7. Is the oxygen saturation measurement distributed in a normal fashion? In other words, if you plotted a value of oxygen saturation for 10,000 patients, would the shape of the distribution be bell shaped? Explain why or why not.

8. Without doing a statistical test, indicate whether you think the following examples show groups that are significantly different or not and justify your answer:

. . . . . a. Mean IQ in two groups are 90 and 120. The standard deviation is 45 for both groups.

. . . . . b. Mean weight in two groups are 45 and 55 kilograms. The standard deviation is 3 for the first group and 2 for the second group.

. . . . . c. Mean oxygen saturations in two groups are 94% and 97%. The standard deviation is 2% for both groups.

References

1. Glaser AN. High-Yield Biostatistics, 2nd edition. 2001, Philadelphia: Lippincott Williams & Wilkins.

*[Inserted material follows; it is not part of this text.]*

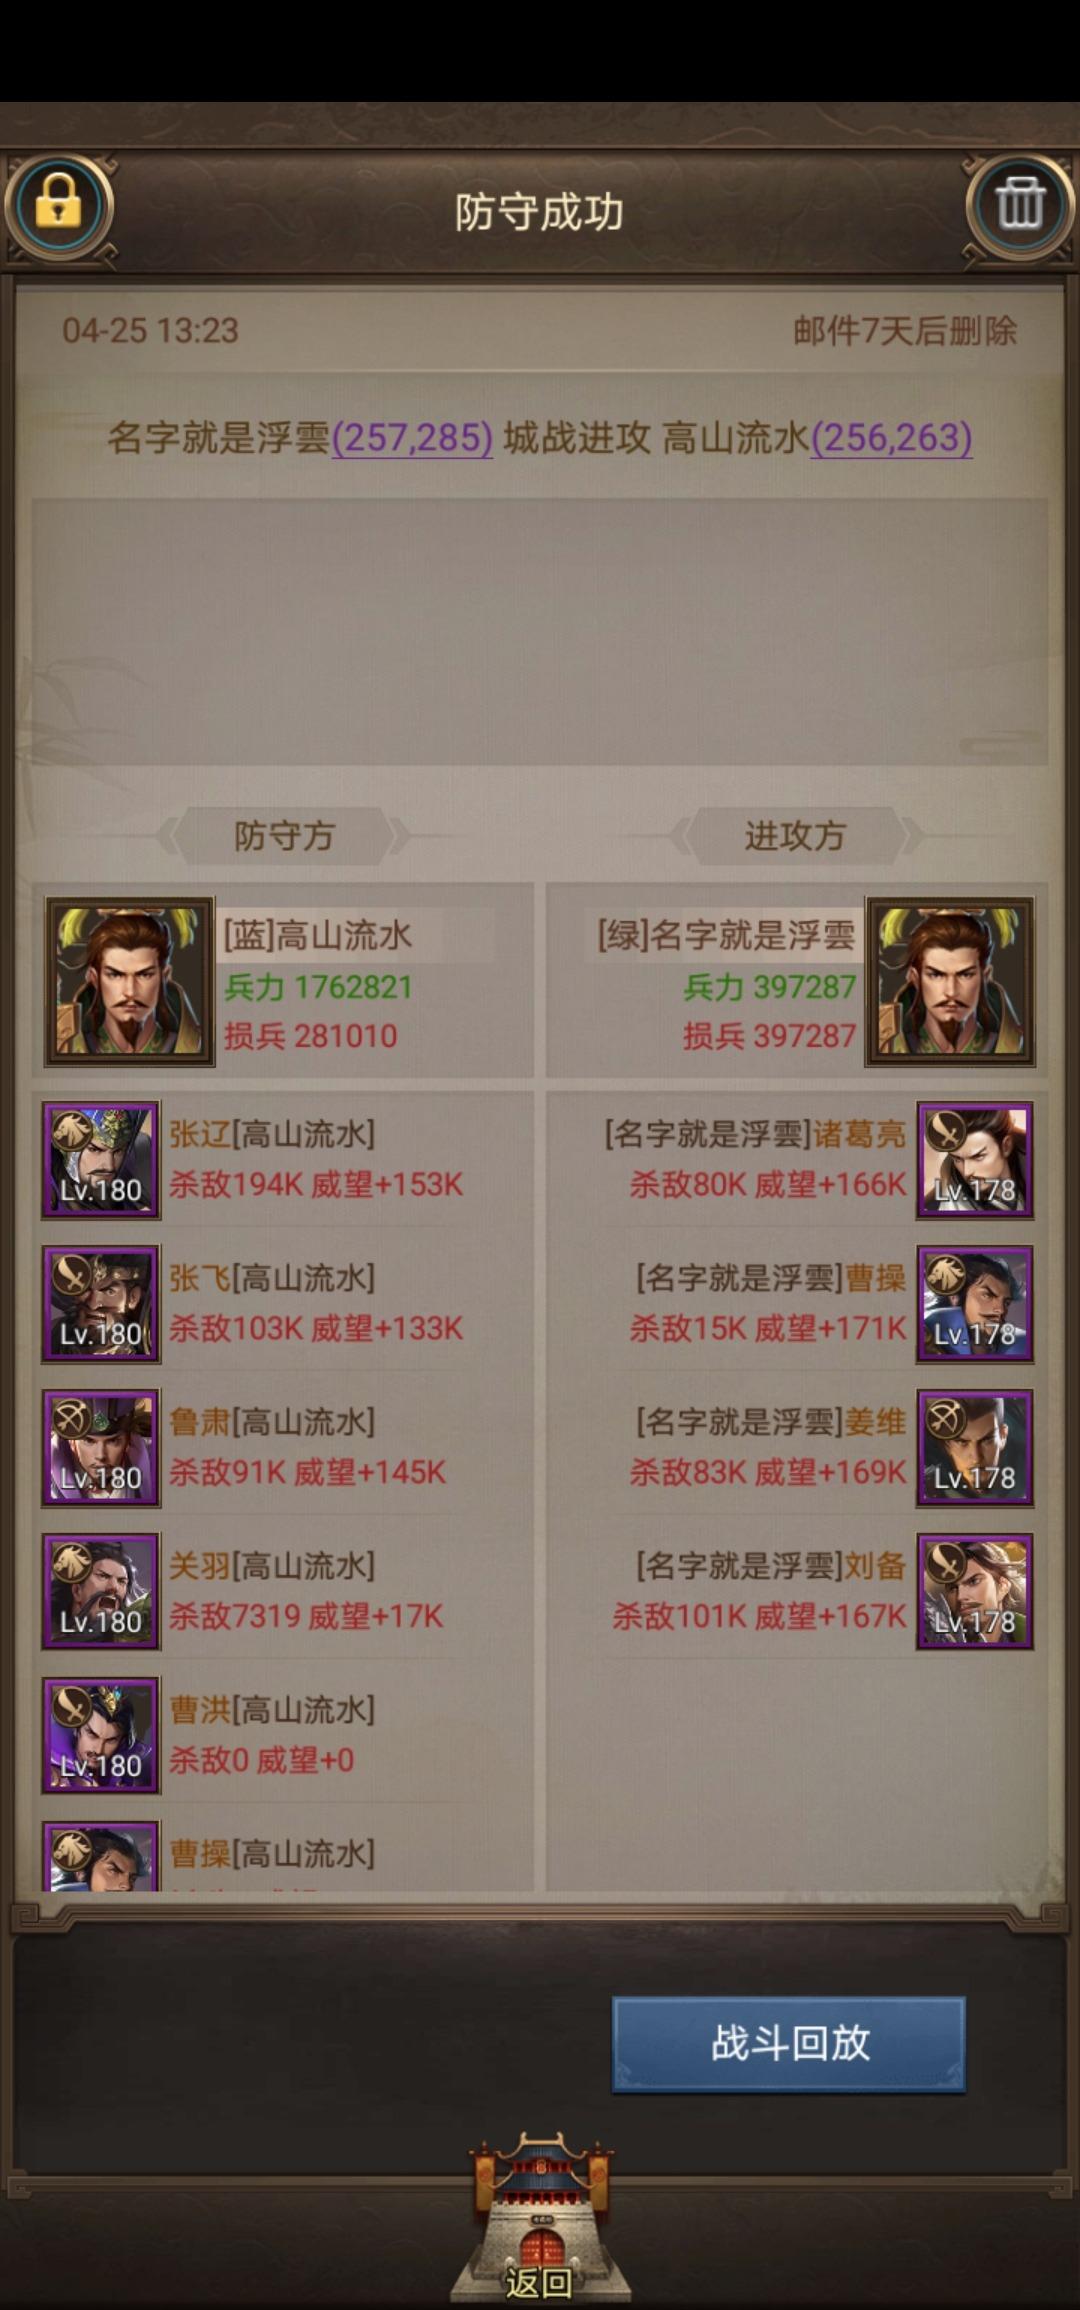 Screenshot_20200425_181159_juedi.tatuyin.rxsg.huawei.jpg

2. Hildebrand DK, Ott L. Statistical Thinking for Managers, 2nd edition. 1987, Boston: Duxbury Press.

Answers to questions

1. Descriptive statistics are the rates of bicycle helmet use in the injured group and in the control group. The proper inferential statistical test to use is a chi-square test.

2. The rate of bicycle helmet use in the injured group is significantly different from that in the control group. It might be tempting to say that bicycle helmets prevent significant head injuries from this study, but such a study is not good enough to conclude this.

3. Bicycle helmet use rates in the two groups are the same.

4a. Categorical.

4b. Continuous.

4c. Continuous.

4d. Continuous.

4e. Categorical. The patient either has it or they don't.

4f. This could be both depending on what we mean by this. This would be a continuous variable if we are referring to the CSF WBC count, the RBC count, the CSF glucose, or the CSF protein. This would be a categorical variable if we are considering the CSF to be normal or abnormal, or if we are considering the gram stain result (organisms versus no organisms).

4g. Categorical. The patient either has it or they don't.

5. The basic descriptive statistic is the mean oxygen saturations in each group. Other commonly cited descriptive statistics are the standard deviations and the ranges for each group, which would describe the spread of the data. The inferential statistical test would be a T-test or ANOVA.

6. This difference is statistically significant, but it is not very clinically important because the difference between 95.6% and 94.5% is only about 1%. Continuous pulse oximetry readings will frequently fluctuate by 2 to 4 percentage points on the same patient without any clinical changes occurring.

7. The oxygen saturation (like most biomedical measurements) is not normally distributed. Most biomedical measurements have a theoretical limit on their values. Oxygen saturation values cannot exceed 100%. Thus, if one creates a distribution of oxygen saturation measurements, it will show a few points below 80%, a few more points between 80% and 90%, a fair number of points between 90% and 95%, a large number of points between 95% and 100%, and no points about 100%. This is not bell shaped. Other examples of theoretical limits are: glucose values cannot go below zero, respiratory rates will not go below 10, etc.

8a. These groups are not significantly different. The mean plus or minus two standard deviations should contain approximately 95% of the area under the bell shaped curve. Thus, the shapes of these curves are wide with substantial overlap. It is not likely that these groups will be shown to be significantly different.

8b. These standard deviations are small, so the bell shaped curves are very narrow and they do not overlap each other. Thus, it is likely that these groups will be shown to be significantly different from each other.

8c. This one is not easily determined. A T-test would have to be run to calculate the p value. The two means are fairly close to each other, but the standard deviation is also small.